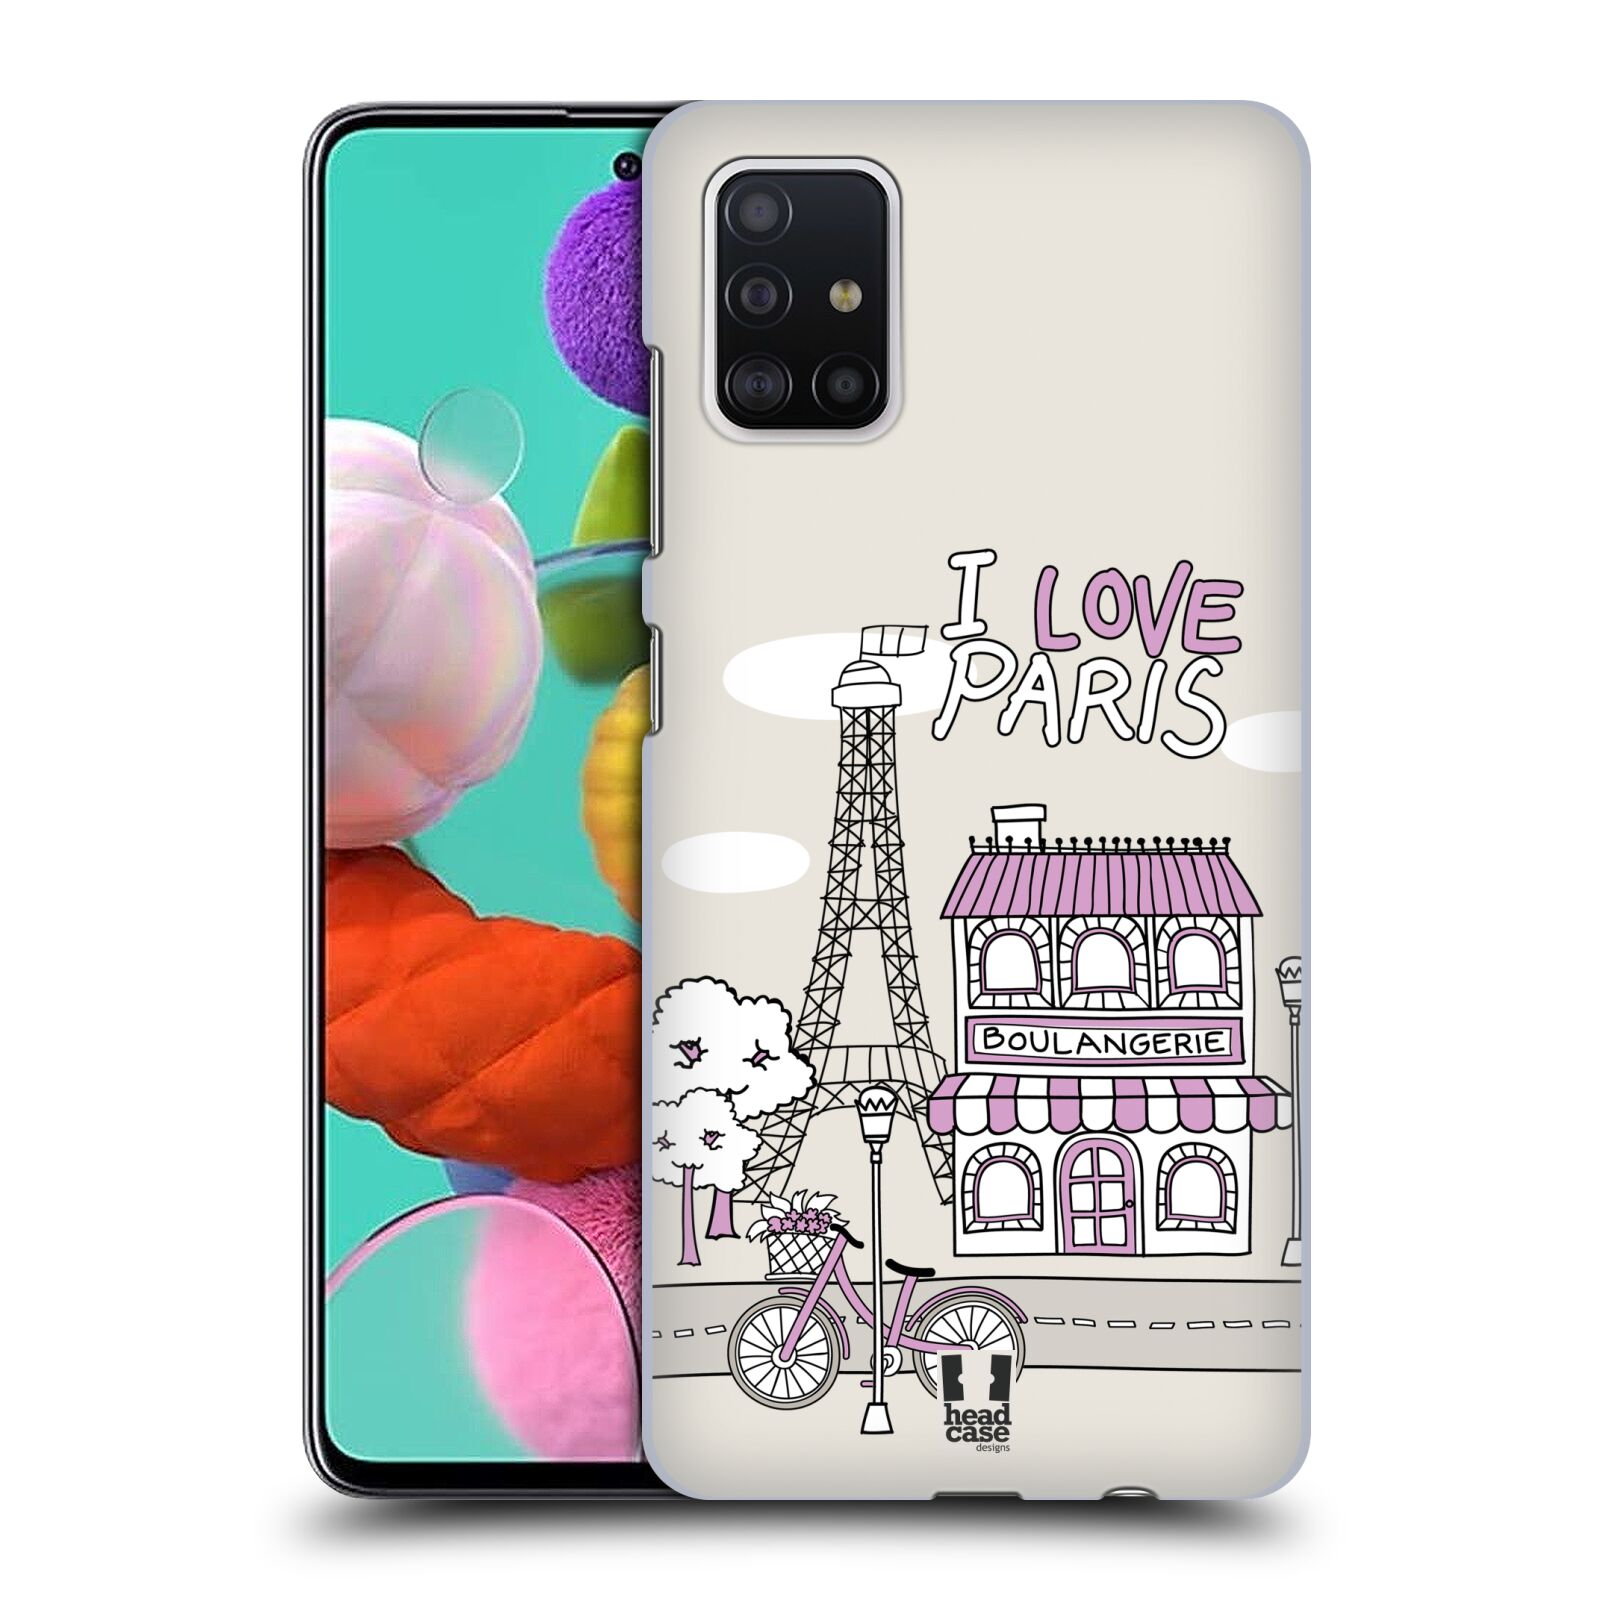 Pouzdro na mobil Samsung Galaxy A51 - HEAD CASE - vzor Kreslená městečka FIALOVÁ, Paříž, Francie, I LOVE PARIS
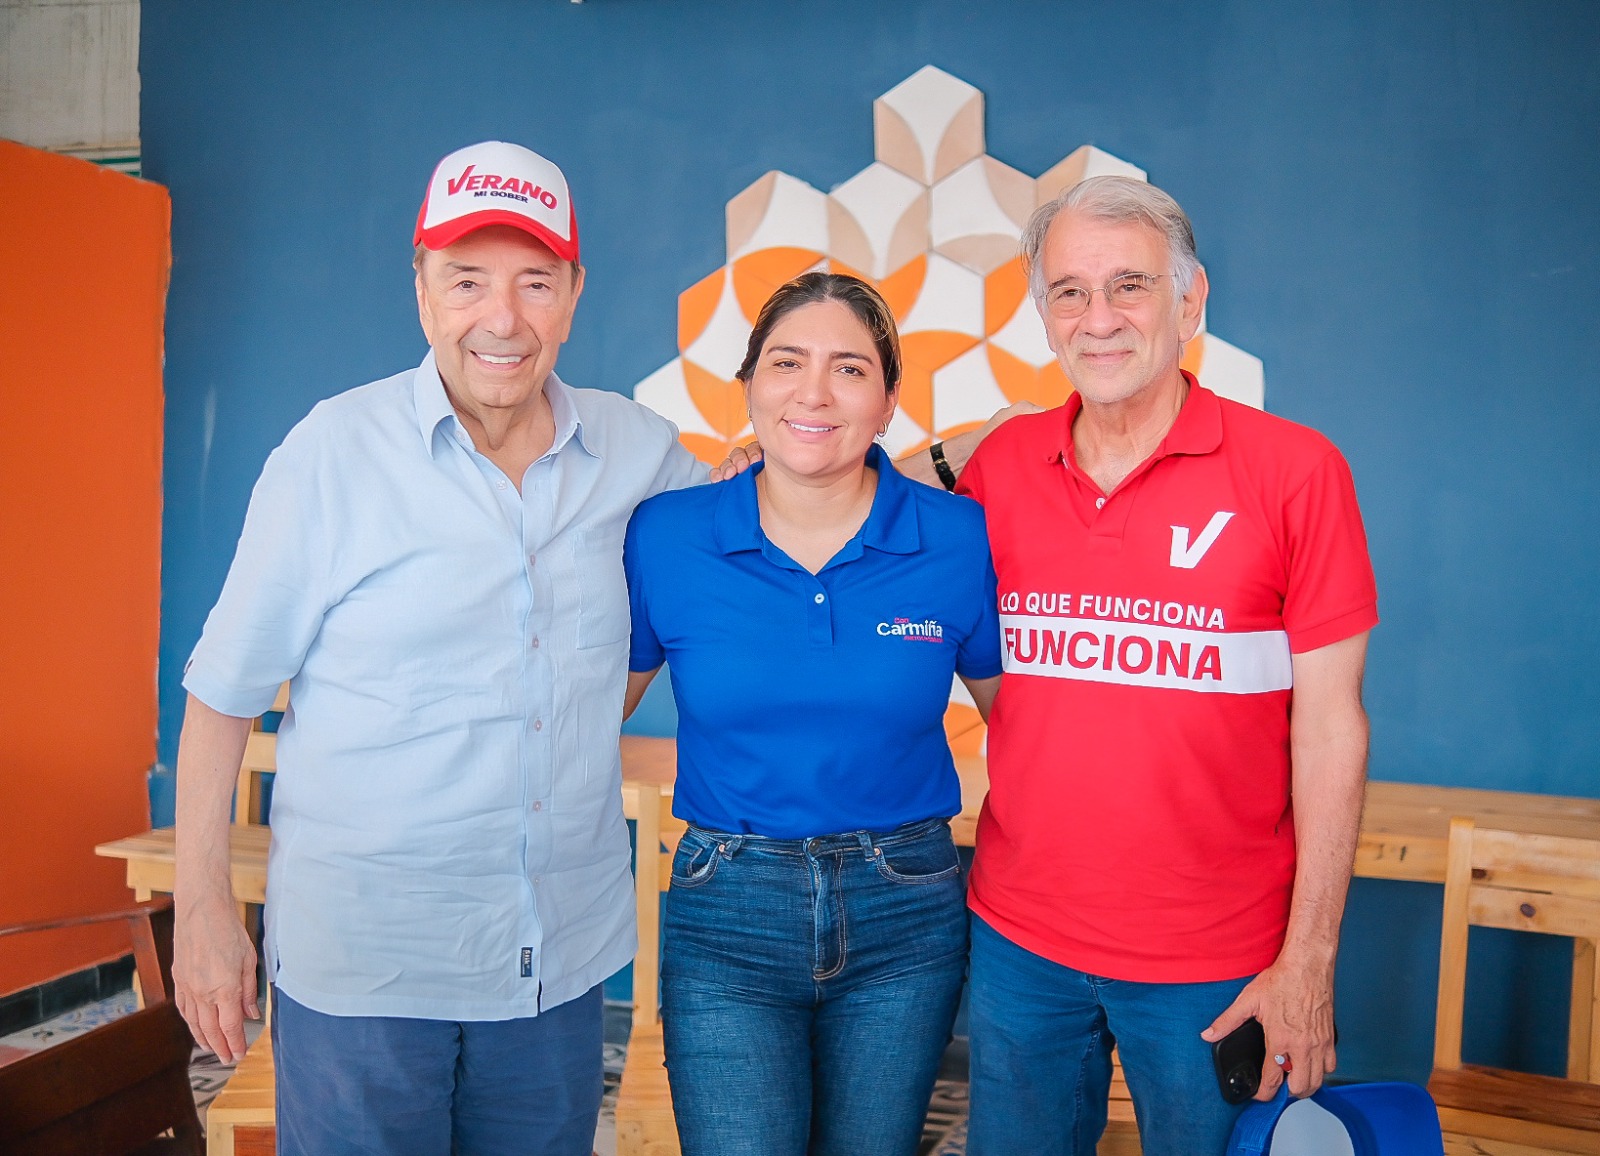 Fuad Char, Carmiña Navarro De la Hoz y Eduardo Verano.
§
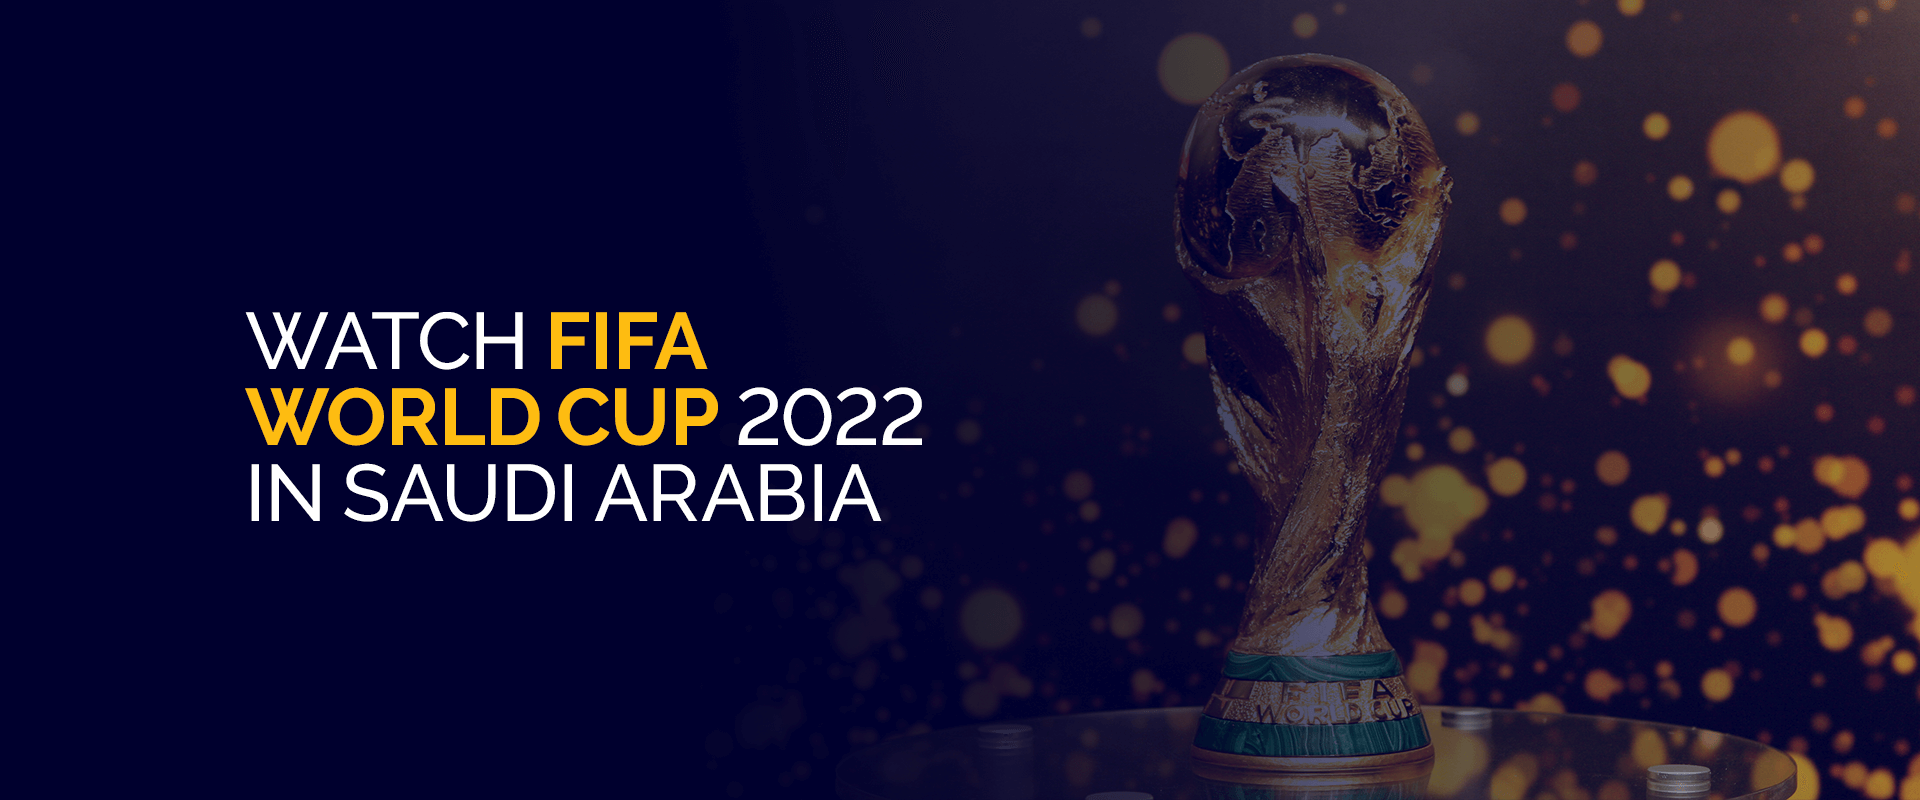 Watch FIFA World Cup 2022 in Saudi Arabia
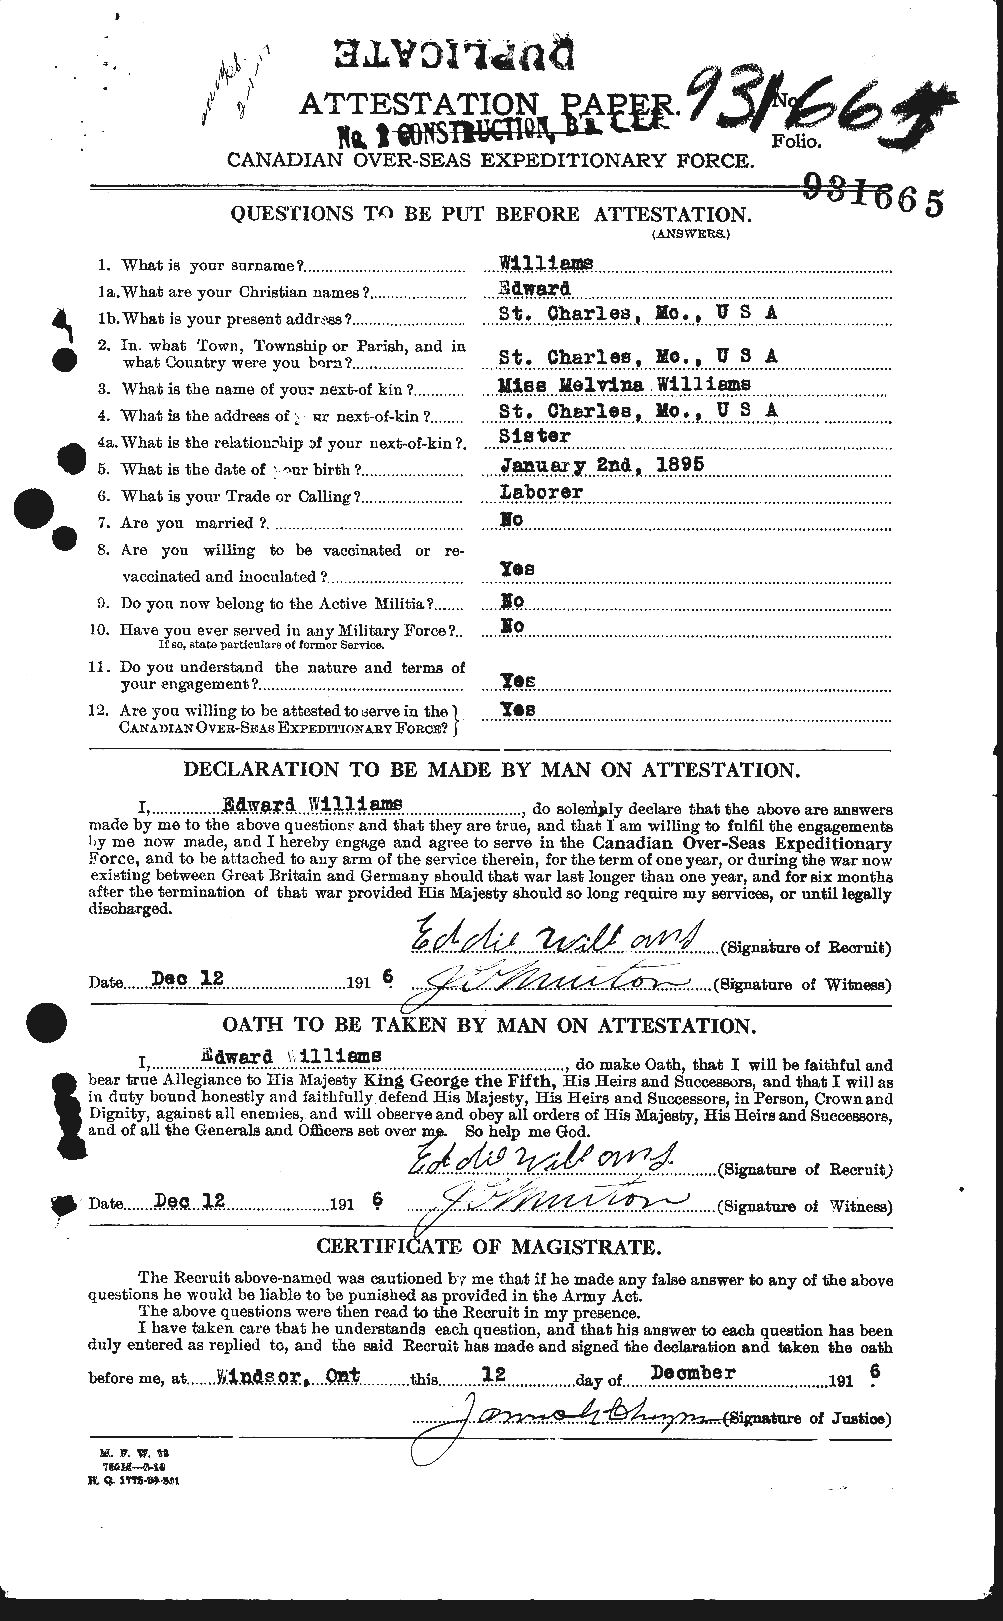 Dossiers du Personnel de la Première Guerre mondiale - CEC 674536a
§
== Activity ==
If a picture sits between the line containing "Pouzdro na mobil" and the line containing "Fuad Char, Carmiña", leave it out, and return the lines of that range above exactly, both ends included.

== Final answer ==
 Pouzdro na mobil Samsung Galaxy A51 - HEAD CASE - vzor Kreslená městečka FIALOVÁ, Paříž, Francie, I LOVE PARIS
 Fuad Char, Carmiña Navarro De la Hoz y Eduardo Verano.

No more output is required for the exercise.